Resilience to failure can be addressed both in microservices and in monoliths through the same patterns - circuit breakers, policies/strategies, and others.
I want to make clear that I consider monoliths and microservices neither good nor bad, or universally better or worse at any particular job. To me these architectures are just tools that work better in some settings and worse in others. As I explained in “Misguided Mark misrepresents Micro-services“, to me they are just paradigms - different ways to see and explain the same thing.
The details of the discussion aren’t important for debunking the argument. The important thing is that the discussion was centered around should a new feature be added to a monolith or should it be a microservice.
We covered quite a few common arguments for microservices all of which fell apart when examined. And then the other side brought up that having a monolith is a single point of failure.
This argument shows a deep misunderstanding of what microservices are and how they work.
People usually think about monoliths in terms of classes and methods (or modules and functions), but they think about microservices in terms of services and APIs.
Services and APIs are the same thing as classes and methods.

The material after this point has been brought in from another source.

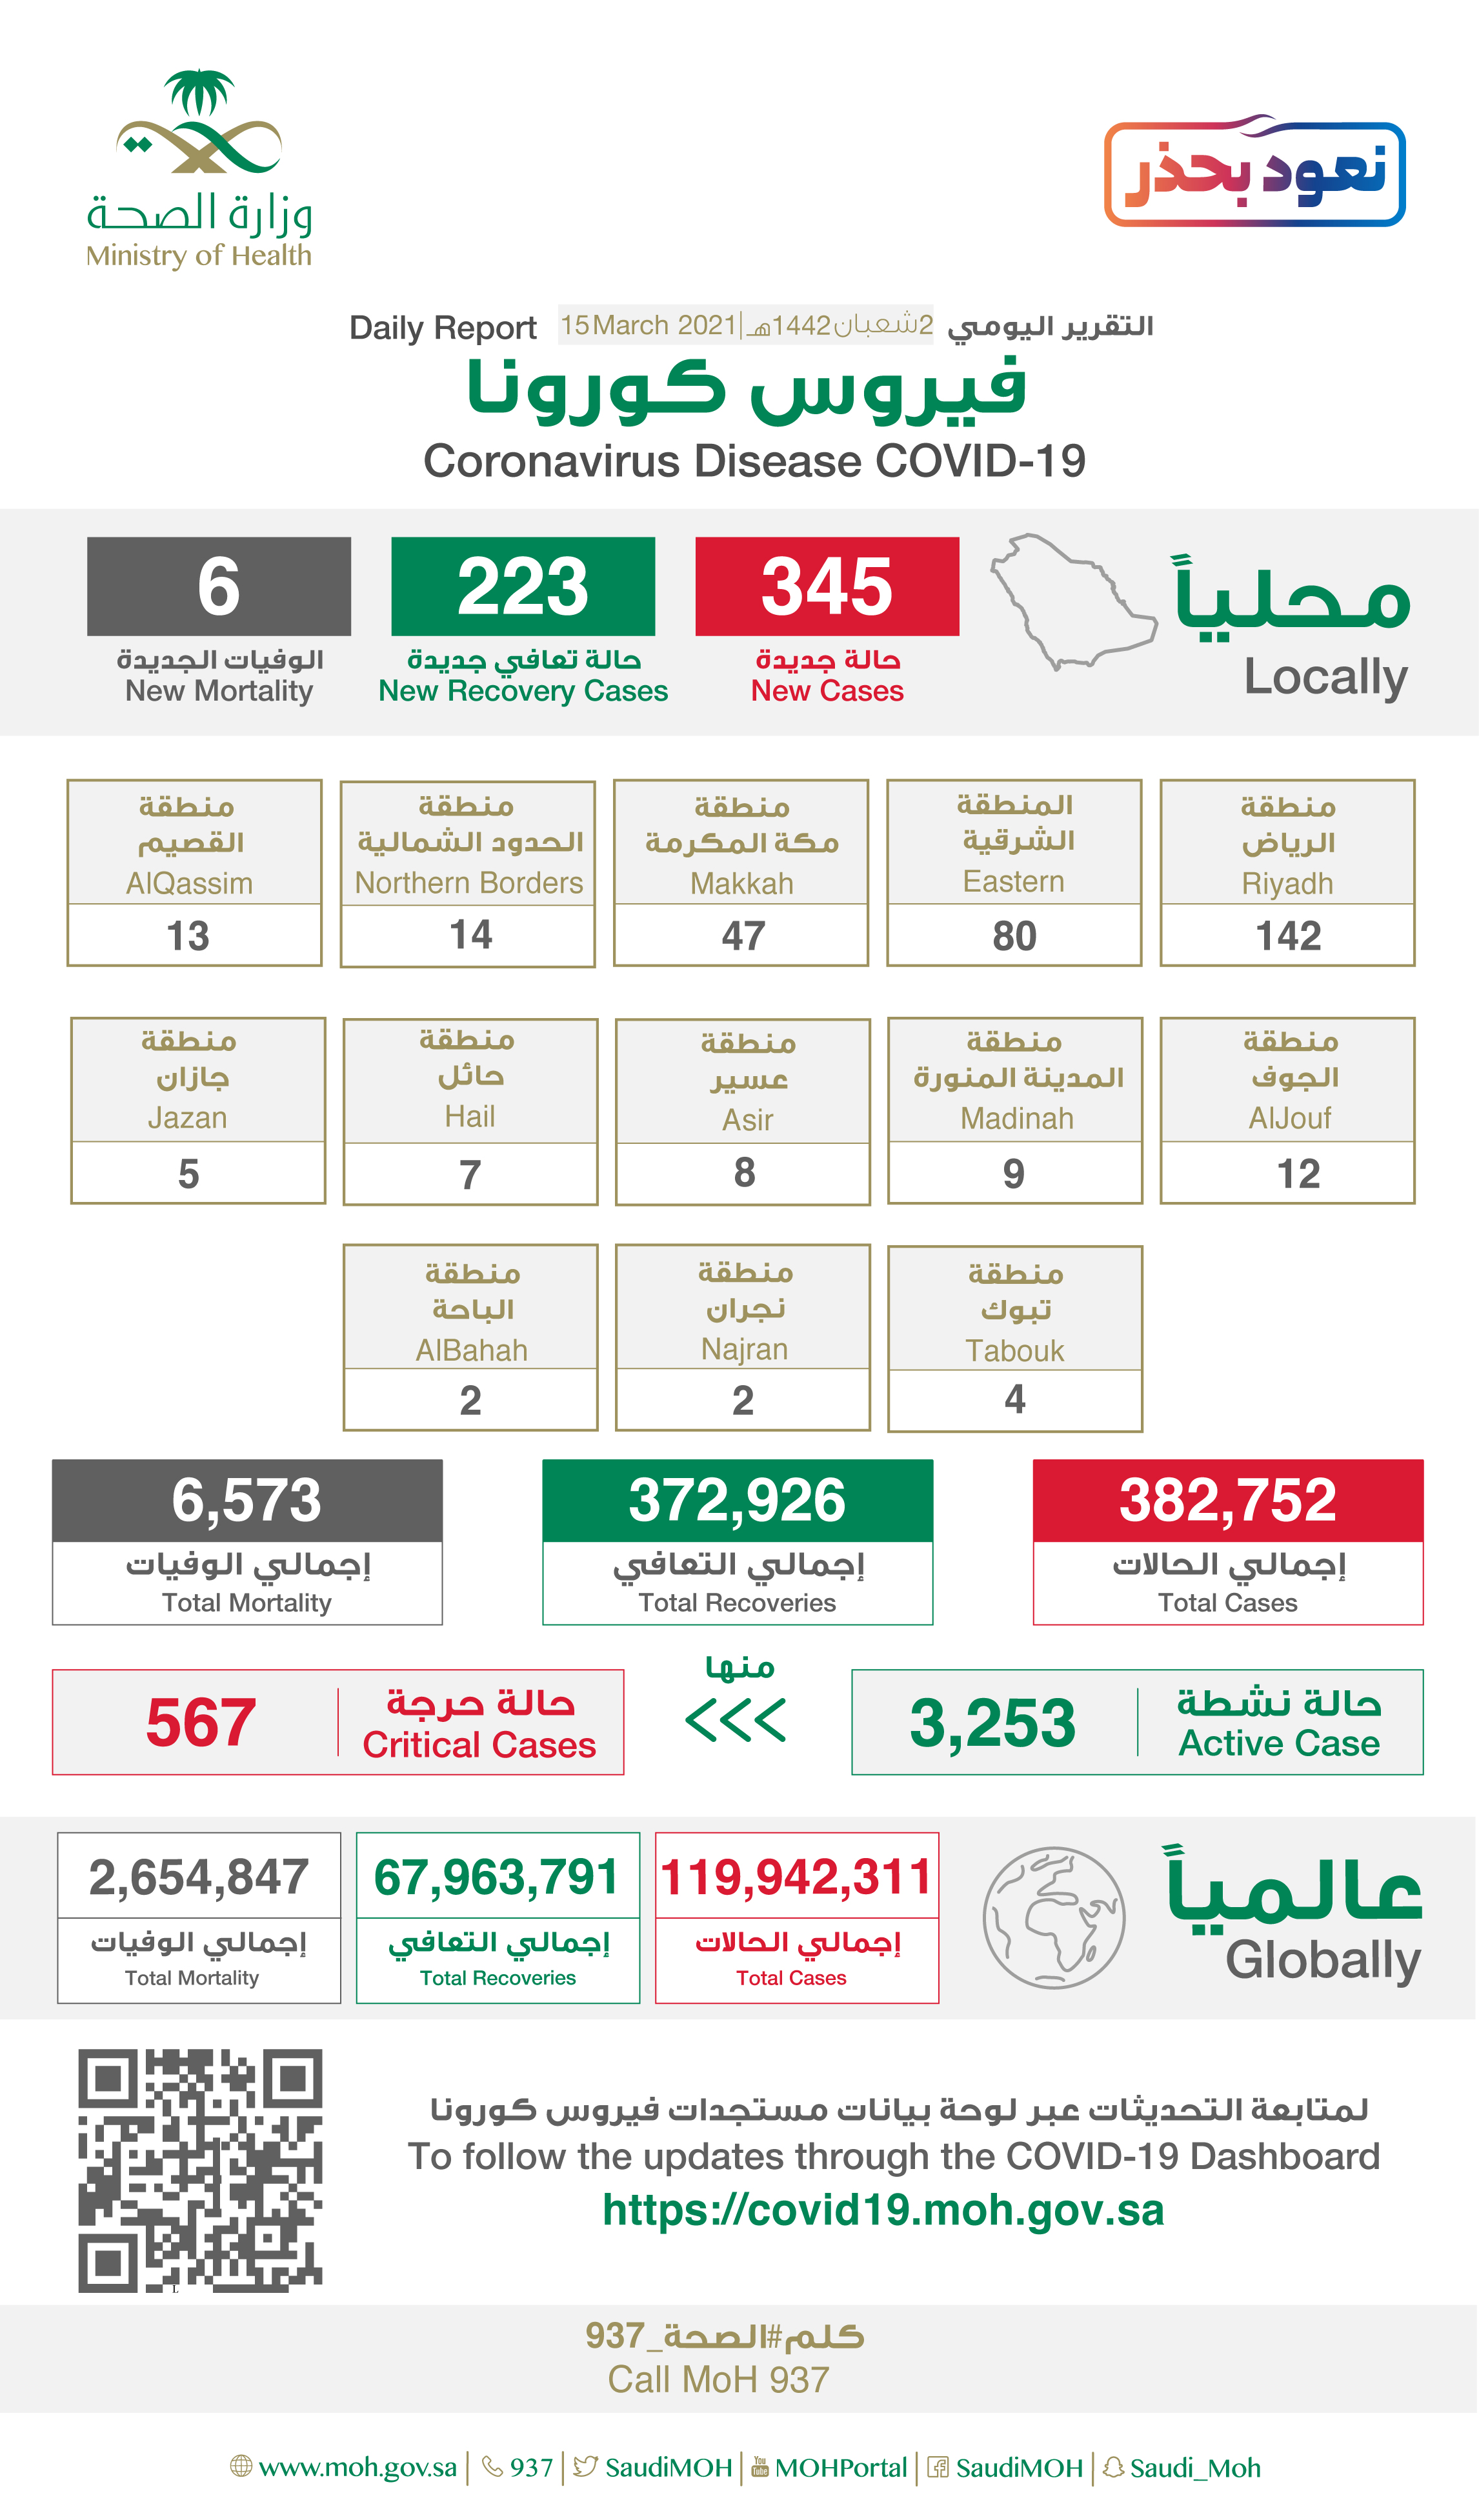 Saudi Arabia Coronavirus : Total Cases :382,752 , New Cases : 345, Cured : 372,926, Deaths: 6,573, Active Cases : 3,253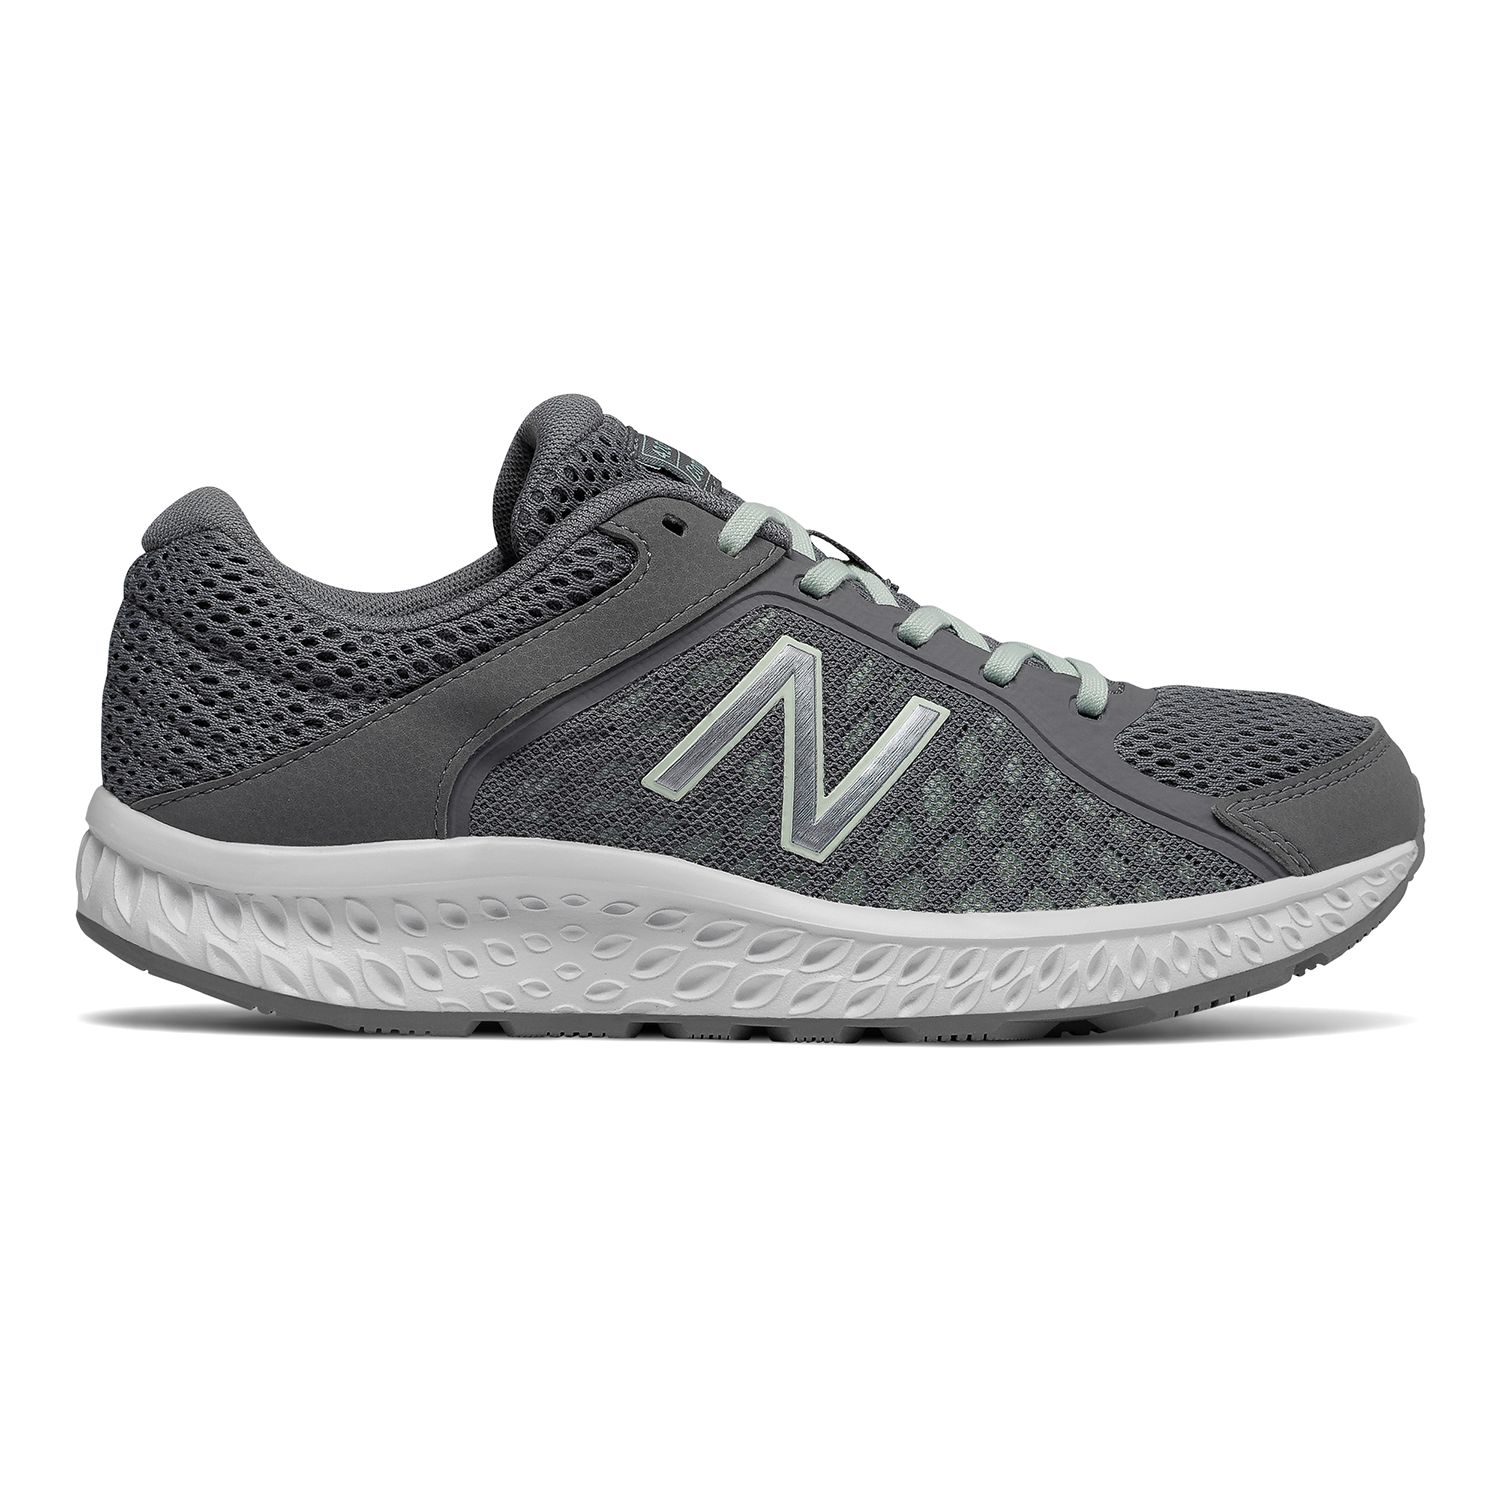 New Balance 420 v4 Women's Running Shoes

They are two sides of the same coin - on one side everything is in one program, on the other each class is its own program.
In other words, they are two paradigms through which people build and think about applications. They are talking about the same thing just from different perspectives.
If you have a monolith in which a call to the process method on the class Payment internally calls the authorize method on class User, then you have two places where something can go wrong. Either Payment#process can error or User#authorize can error. In both cases the call to Payment#process has erred.
If you have microservices in which a request to the process_payment API on the Payment microservice internally makes a request to the authorize_token API on the User microservice, then you have two places where something can go wrong. Either the request to process_payment on the Payment service returns a 500 or the request to authorize_token on the User service returns a 500. In both cases the request to process_payment on the Payment microservice has erred.
The number of failure points is the same.
Though in reality, the microservices example has two more failure points because each request to a service can also fail due to various problems - like a misconfigured load balancer, or the machine running out of file descriptors, or a congested router in the data center, or any other reason a network request might fail…
So where does this single point of failure argument come from?
I believe that Netflix and a simple case of not thinking with your own head are the source of this odd argument.
As most programmers know, Netflix is a big proponent of microservices. They have been making headlines across various sites popular in the IT industry how microservices have enabled them to weather any outage. They even made a tool called Chaos Monkey that turns off services at random to test how resilient your system is.
So if it works for Netflix why wouldn’t it work for us? Right?
Let’s apply Chaos Monkey to our example with two services and see.
If all services are on, payment processing works. But if one or both are turned off, payment processing fails. It can process payments only 25% of the time. A monolith would perform much better, it can either be on or off meaning that it can process payments 50% of the time.
The point of Chaos Monkey is to test how resilient your architecture is. It works with services because Netflix is invested in microservices and they have built a tool to test the resiliency of their architecture.
But architecture is so much more than microservices or monoliths. It’s how flexible the system is, how easily it can be extended, how easily a team can maintain it, and how resilient it is to failure.
The fact that Netflix has built a resilient architecture with microservices doesn’t mean that you can’t achieve the same with other architectures.
Resilience to failure can be addressed both in microservices and in monoliths through the same patterns - circuit breakers, policies/strategies, and others.